The Next-Generation Technological Foundation

The Vera Rubin Platform

The first wave of these new AI data centers will be built upon NVIDIA’s yet-to-be-released “Vera Rubin” platform. Named after the pioneering astrophysicist, the Rubin architecture is the successor to NVIDIA’s Blackwell platform and represents a significant leap in specialized processor design. The platform will feature not only a next-generation GPU but also a new class of processor called a CPX, which is purpose-built for massive-context AI. This new hardware is designed to excel at tasks involving models that must process and reason across millions of tokens of information at once, a critical capability for applications like high-quality generative video and advanced coding assistants.

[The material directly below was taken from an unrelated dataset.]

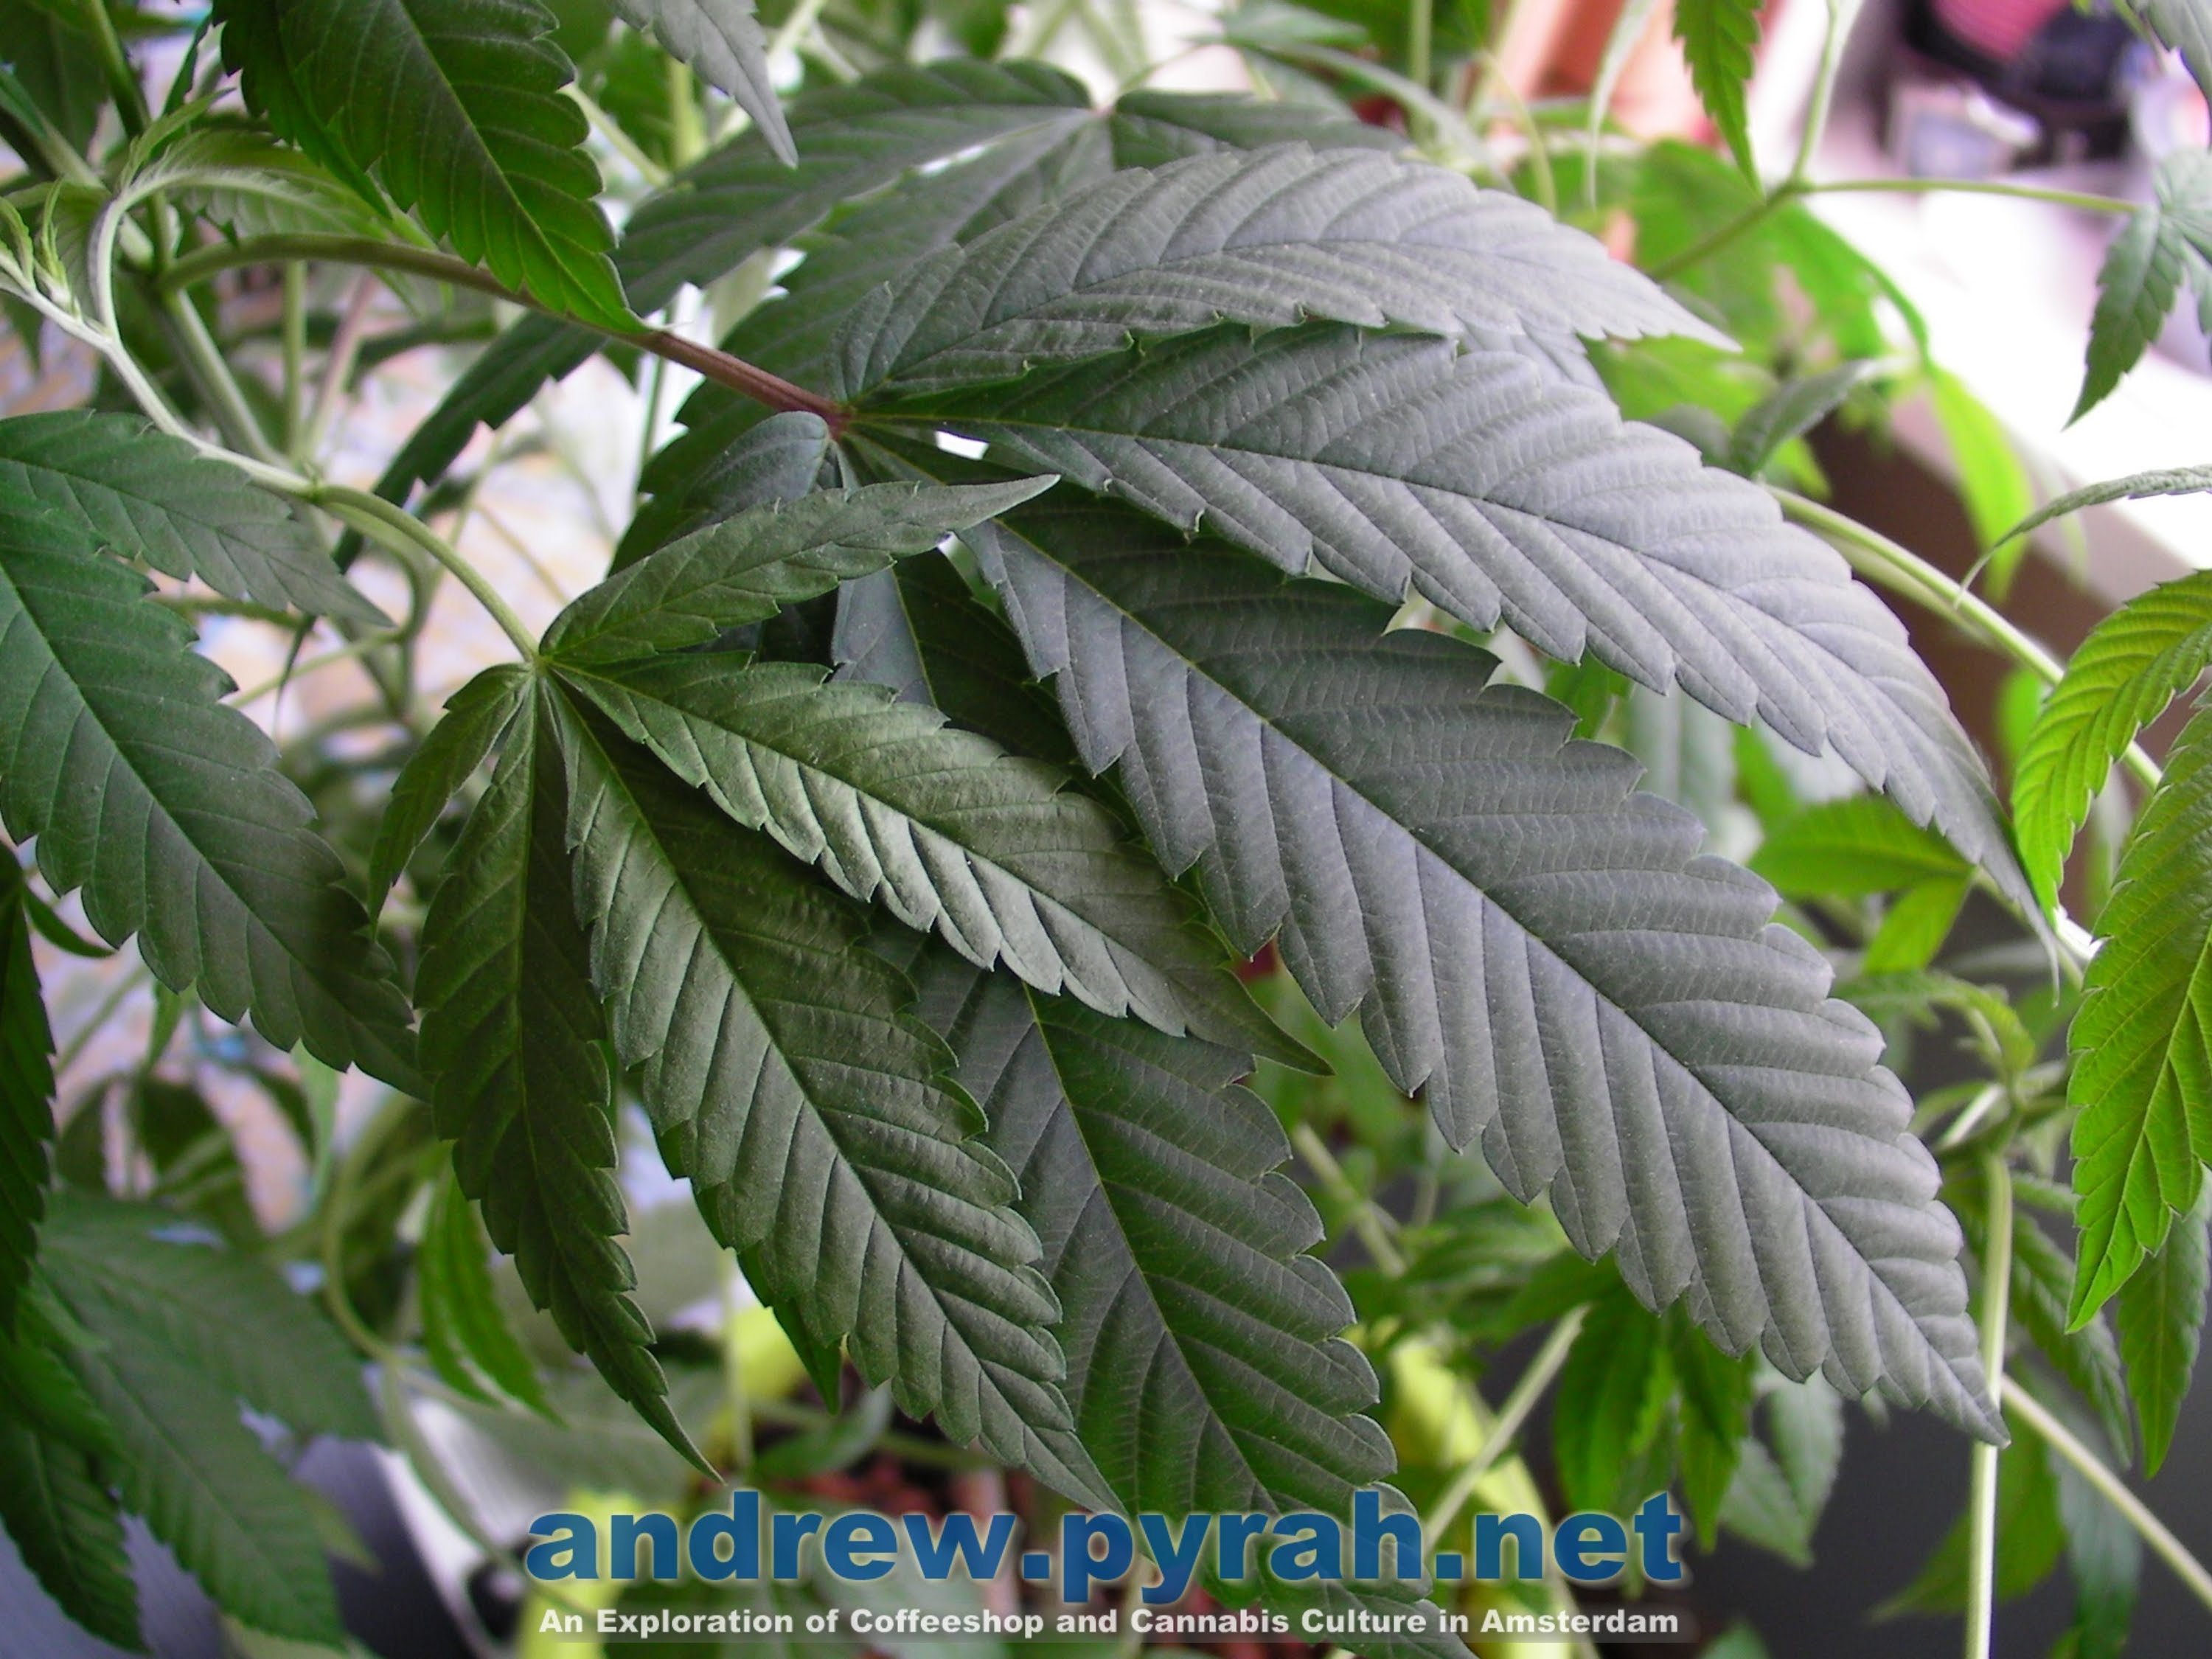 DNA Genetics Mexican Haze X Sleestack (Mexslee) Cannabis Plant Update May 2013

The Rubin family of chips will be manufactured by TSMC on a 3-nanometer process and will utilize next-generation HBM4 memory for faster data access.

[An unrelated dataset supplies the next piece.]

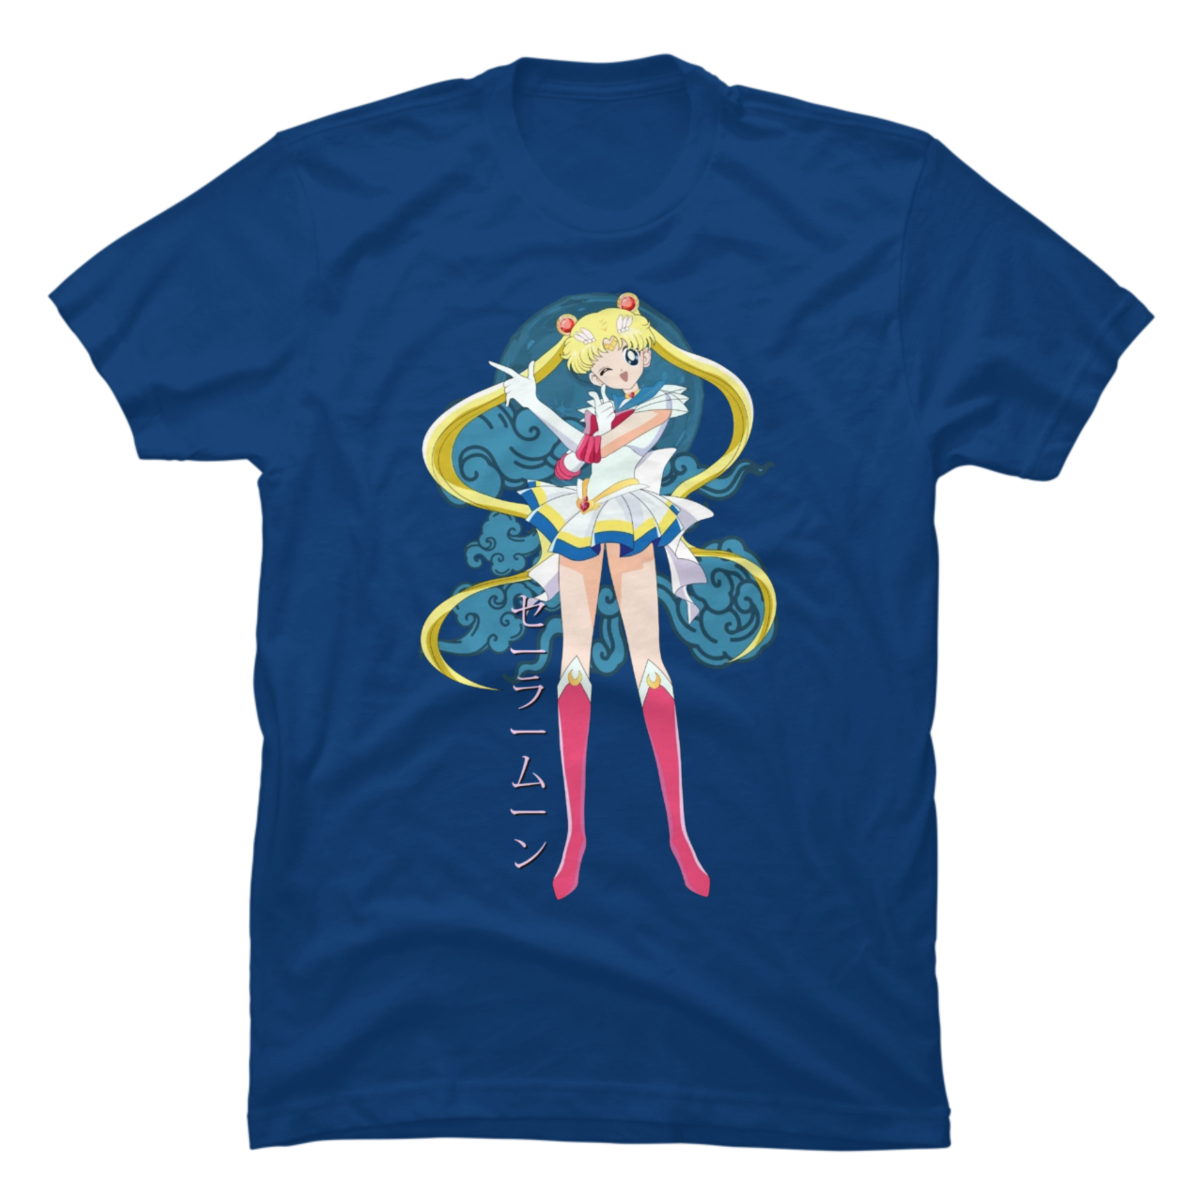 Sailor Moon Wink - Buy t-shirt designs

Phased Deployment and Roadmap

The deployment will be a multi-year effort, with the first gigawatt of capacity scheduled to come online in the latter half of 2026. This initial phase will be among the first large-scale deployments of the Vera Rubin platform. The partnership goes beyond a simple hardware purchase; the two companies have agreed to co-optimize their future roadmaps. This ensures that OpenAI’s future AI models and software are tightly integrated and fine-tuned for NVIDIA’s upcoming hardware and software, creating a highly efficient and powerful full-stack ecosystem. This collaboration complements OpenAI’s ongoing work with partners like Microsoft, Oracle, and the Stargate initiative, creating a diverse and robust infrastructure network.

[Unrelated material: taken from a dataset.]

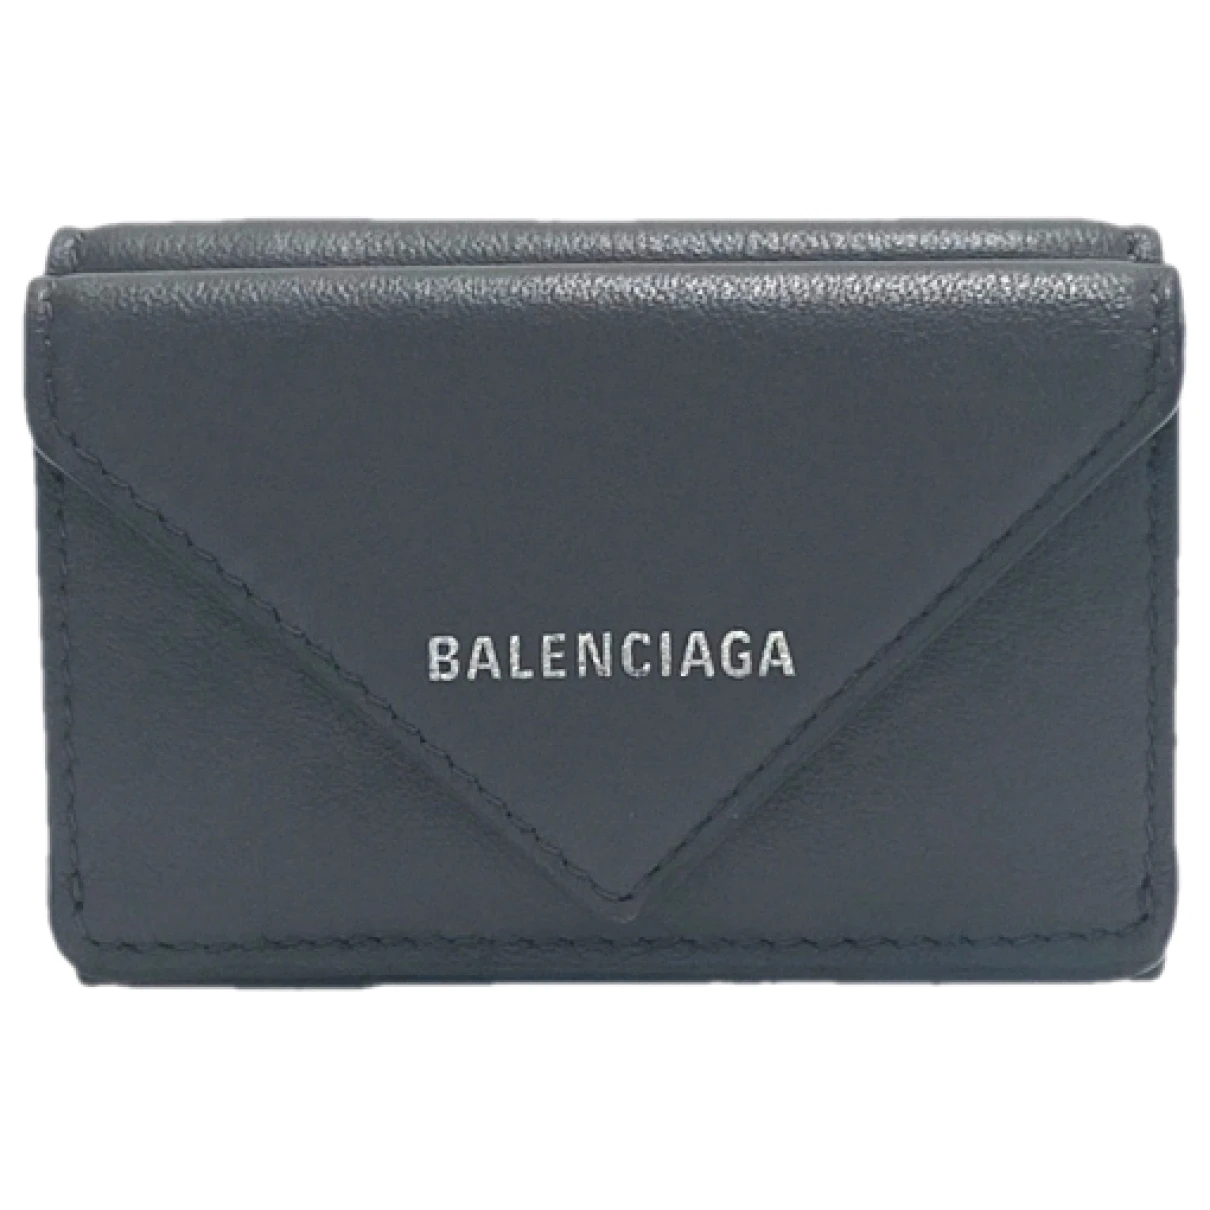 Pre-owned Balenciaga Leather Purse In Black

Strategic Vision for the AI Economy

Both chief executives framed the partnership in transformative economic terms. “Everything starts with compute,” said Sam Altman, CEO of OpenAI. “Compute infrastructure will be the basis for the economy of the future, and we will utilize what we’re building with NVIDIA to both create new AI breakthroughs and empower people and businesses with them at scale.” The deal solidifies a critical supply chain for OpenAI, securing access to the most sought-after resource in the technology world: accelerated compute. By partnering directly with NVIDIA, OpenAI ensures it has the dedicated “AI factories” needed to maintain its leadership position and pursue its long-term mission of developing safe and beneficial AGI.

Confronting Gigawatt-Scale Challenges

The Power and Cooling Bottleneck

Building data centers on a gigawatt scale presents monumental engineering and logistical challenges that go far beyond securing computer chips. The primary bottleneck is power availability. Many national electrical grids were not designed for such concentrated, high-volume power draws and lack the infrastructure to support them. Connecting a gigawatt-scale campus to the grid often requires constructing new substations and high-voltage transmission lines, a process that can take years and face significant regulatory hurdles.

Furthermore, AI systems consume power at extreme densities. A traditional data center rack might draw 5–10 kilowatts, whereas a rack of modern AI servers can demand over 100 kW. This density generates an immense amount of heat that cannot be managed by traditional air-cooling methods. Consequently, these new facilities must be designed from the ground up with advanced liquid-cooling solutions, such as direct-to-chip or immersion cooling, which adds another layer of complexity and cost to their construction and operation.

Environmental and Logistical Hurdles

The enormous energy and water requirements for cooling these facilities raise significant environmental concerns. Sourcing gigawatts of clean, reliable energy is a critical challenge, as renewable sources like wind and solar are often intermittent. This will likely require a combination of power purchase agreements with renewable energy providers, the development of on-site power generation, and the use of large-scale battery storage systems to ensure uninterrupted operation. Beyond power, these massive construction projects must navigate a complex web of environmental permits, land acquisition issues, and potential community opposition, all of which can introduce delays.